■ **Problem to solve**: Copy the final lines exactly, starting at the one that contains "José Antonio Villasante" and ending with the last line of the listing below. Pictures are not part of the copy.
---------- Raw data
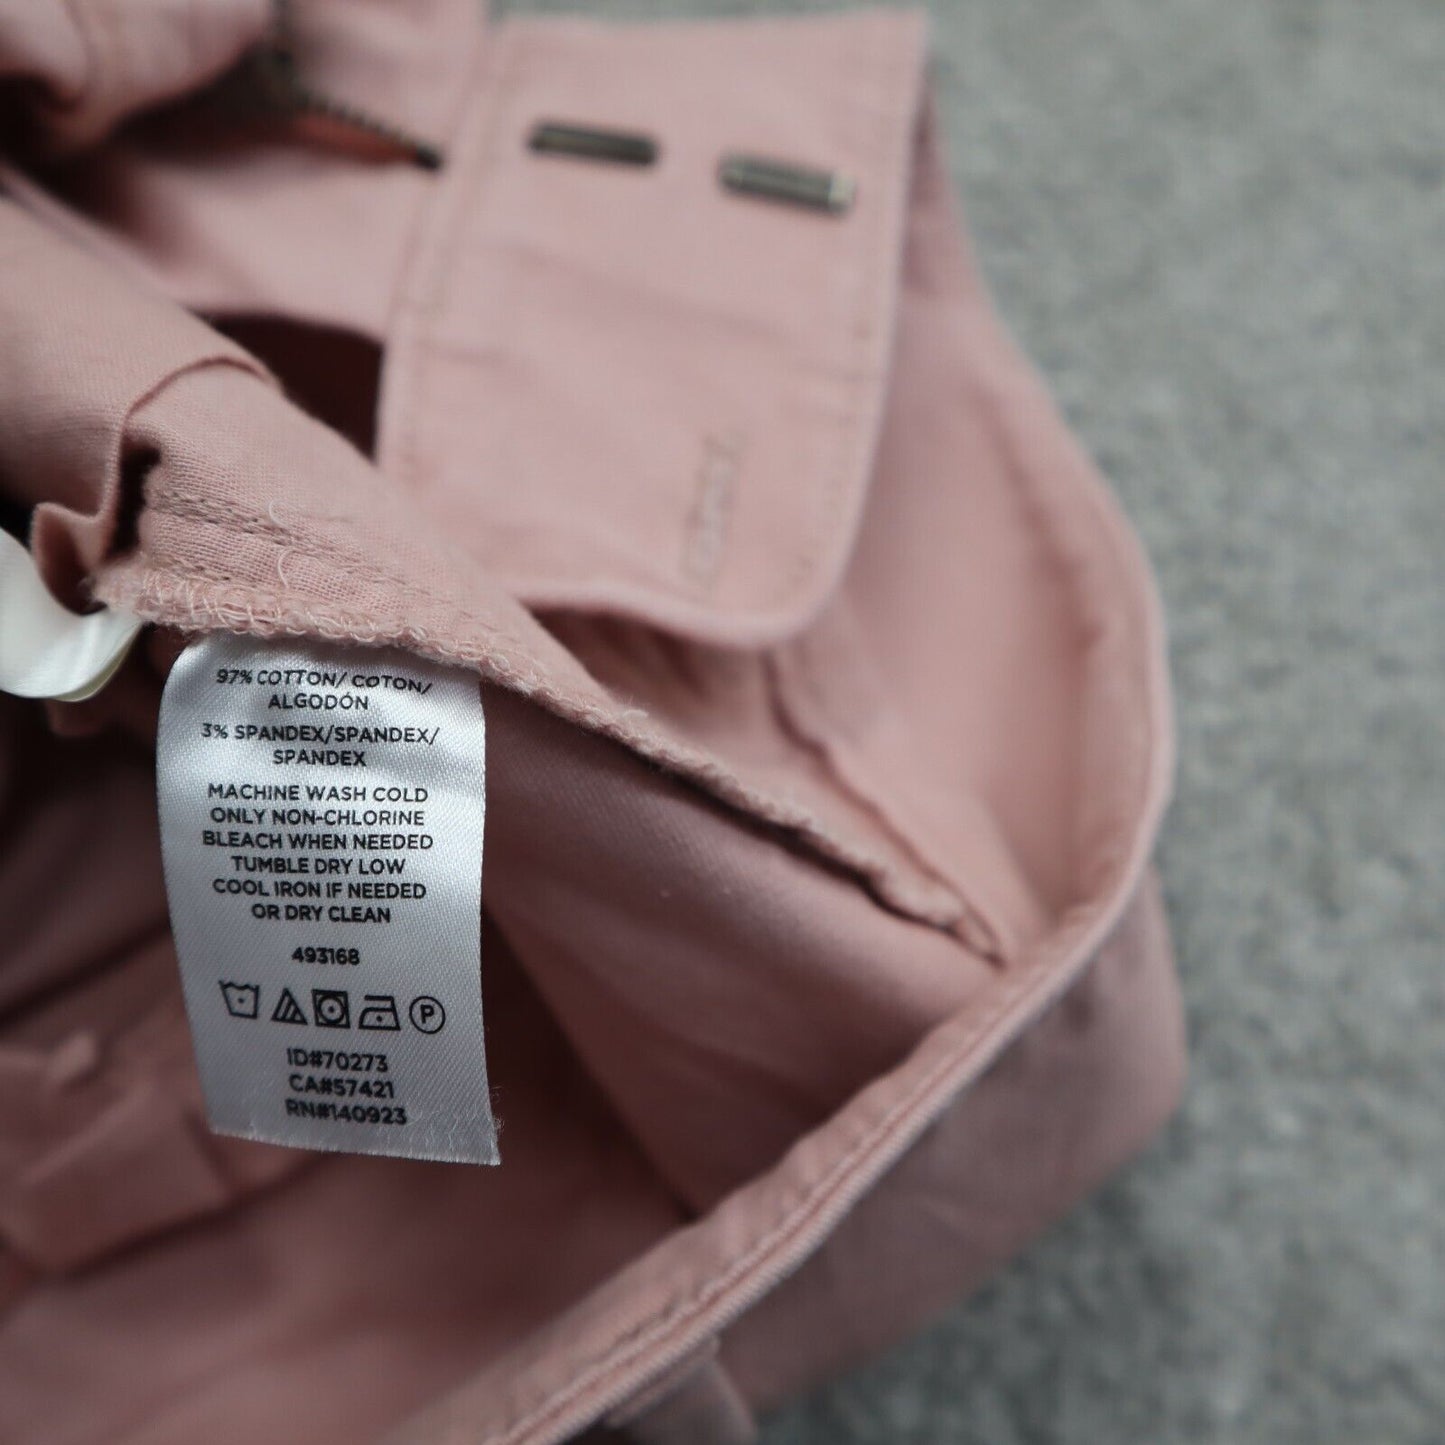 Loft Womens Chino Shorts 100% Cotton Mid Rise Stretch Salish Pockets Pink Size 0
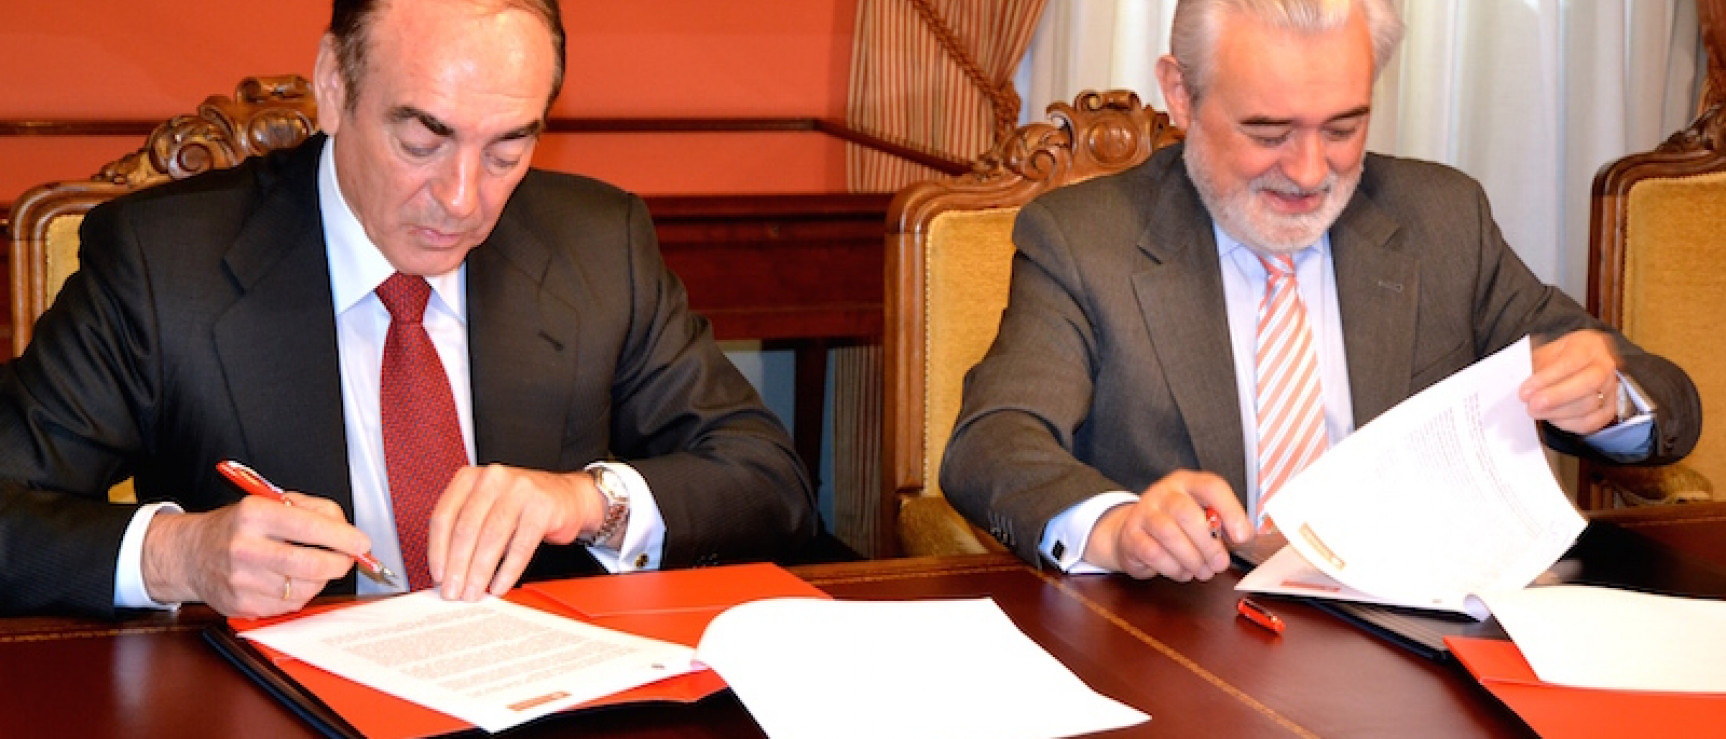 José Antonio Villasante y Darío Villanueva, firmantes del acuerdo.
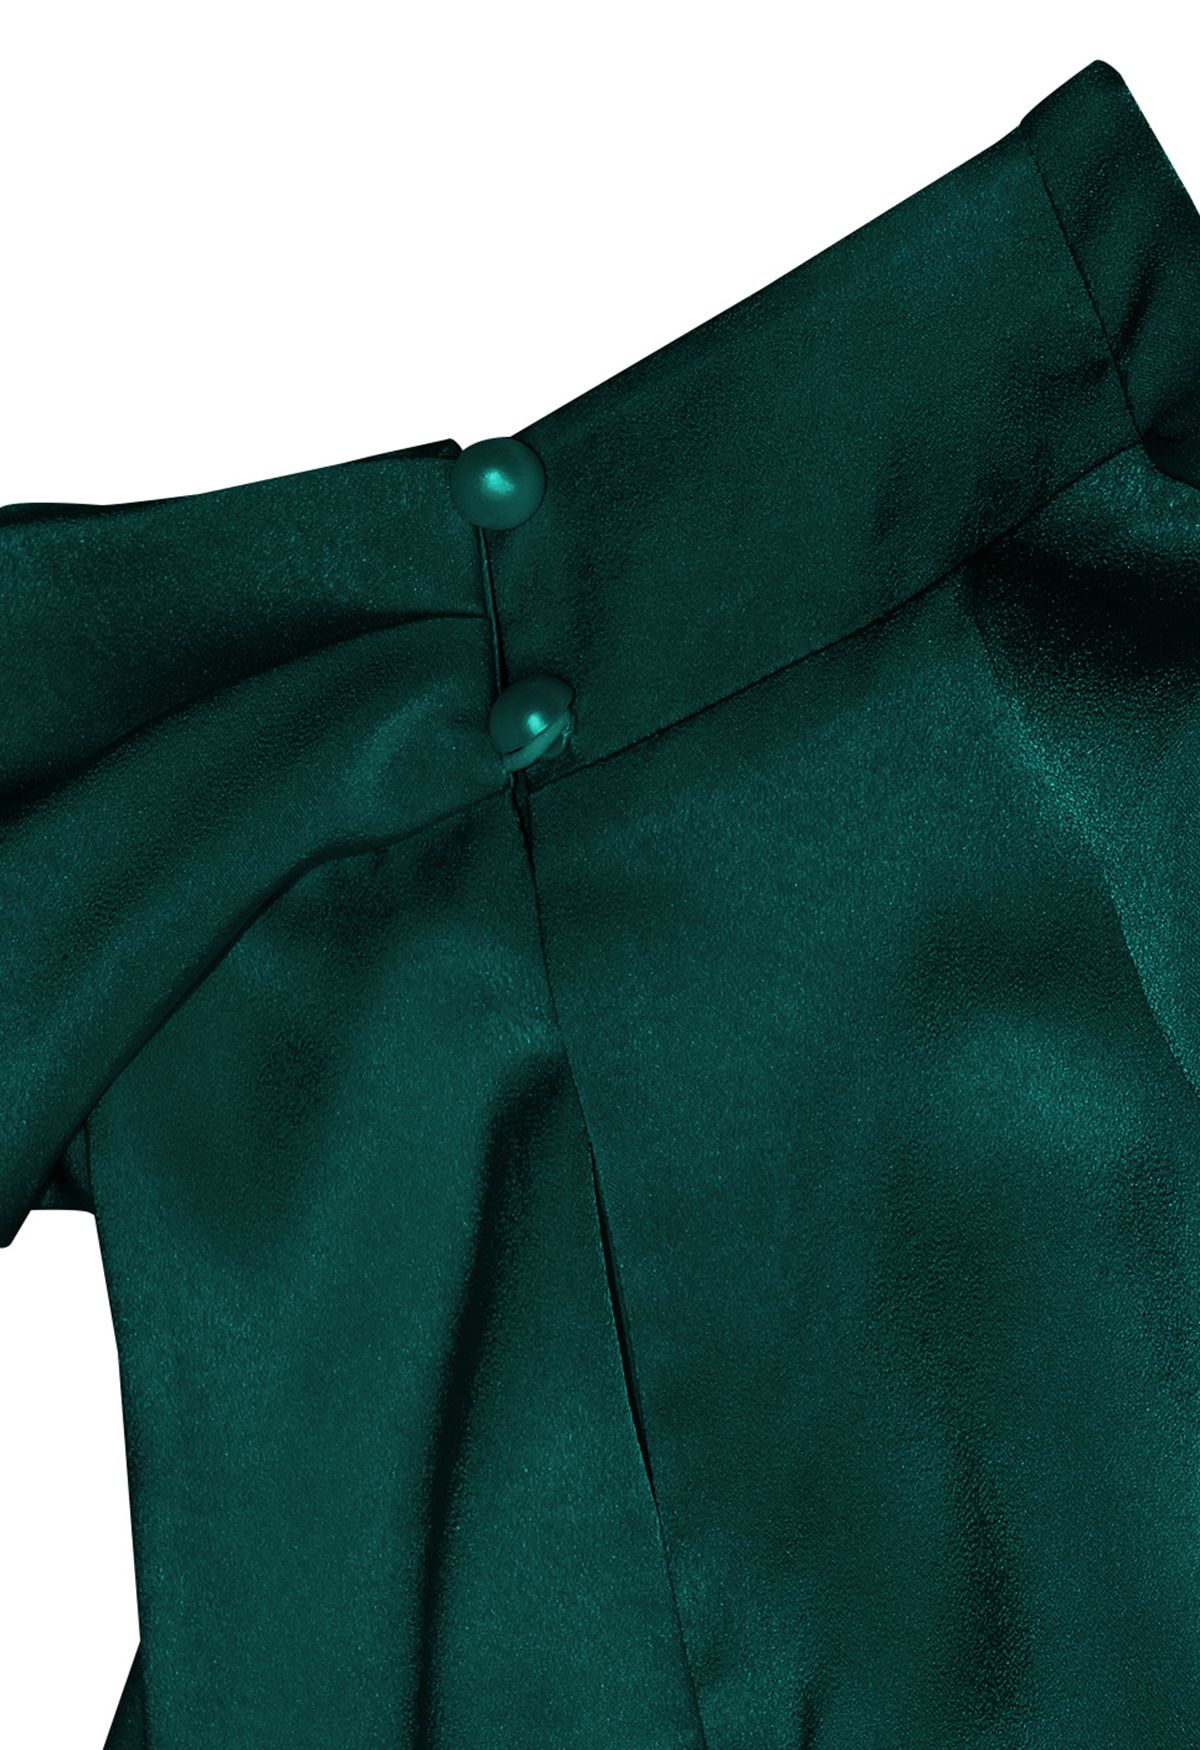 Vestido sin mangas con escote fruncido asimétrico en verde oscuro
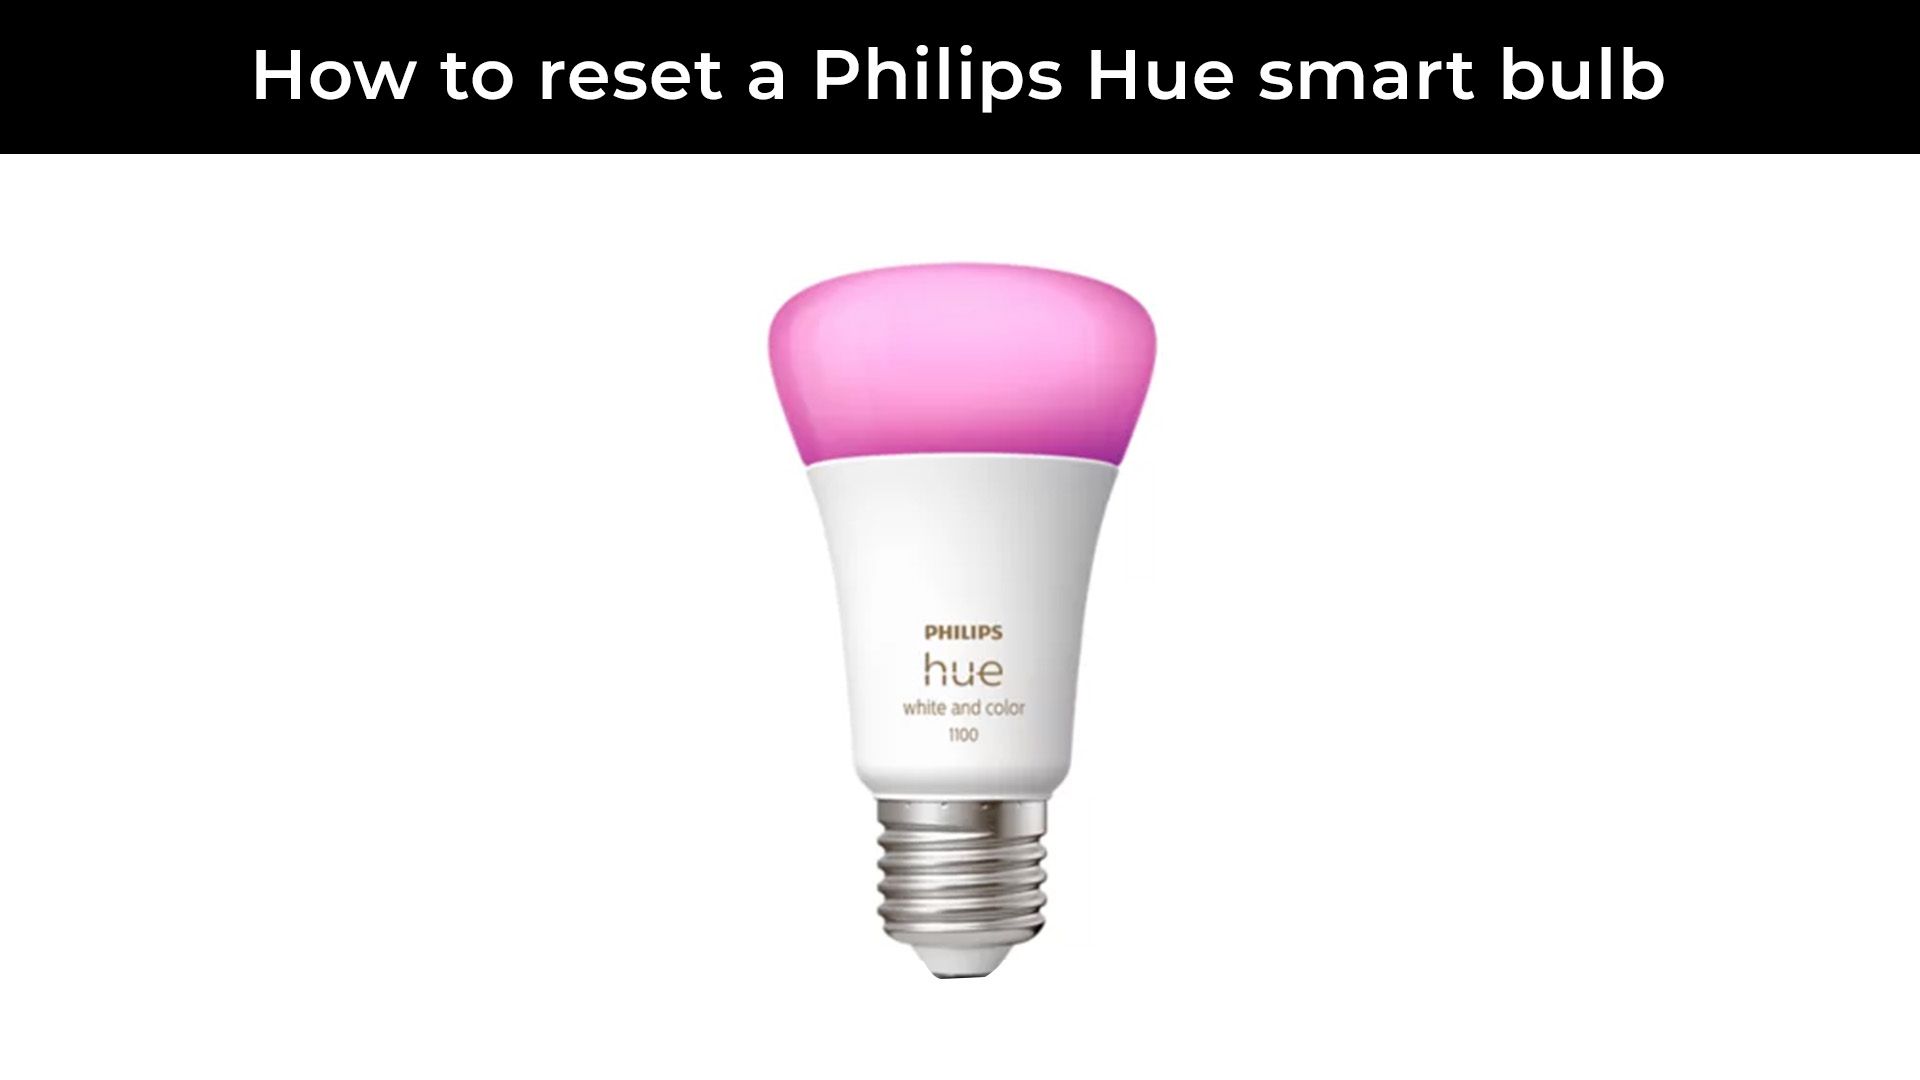 Reset de bombillas Philips Hue sin puente ni interruptor - Denriped
--------------------
■ **Solution to the exercise**:
 José Antonio Villasante y Darío Villanueva, firmantes del acuerdo.
 Vestido sin mangas con escote fruncido asimétrico en verde oscuro
 Reset de bombillas Philips Hue sin puente ni interruptor - Denriped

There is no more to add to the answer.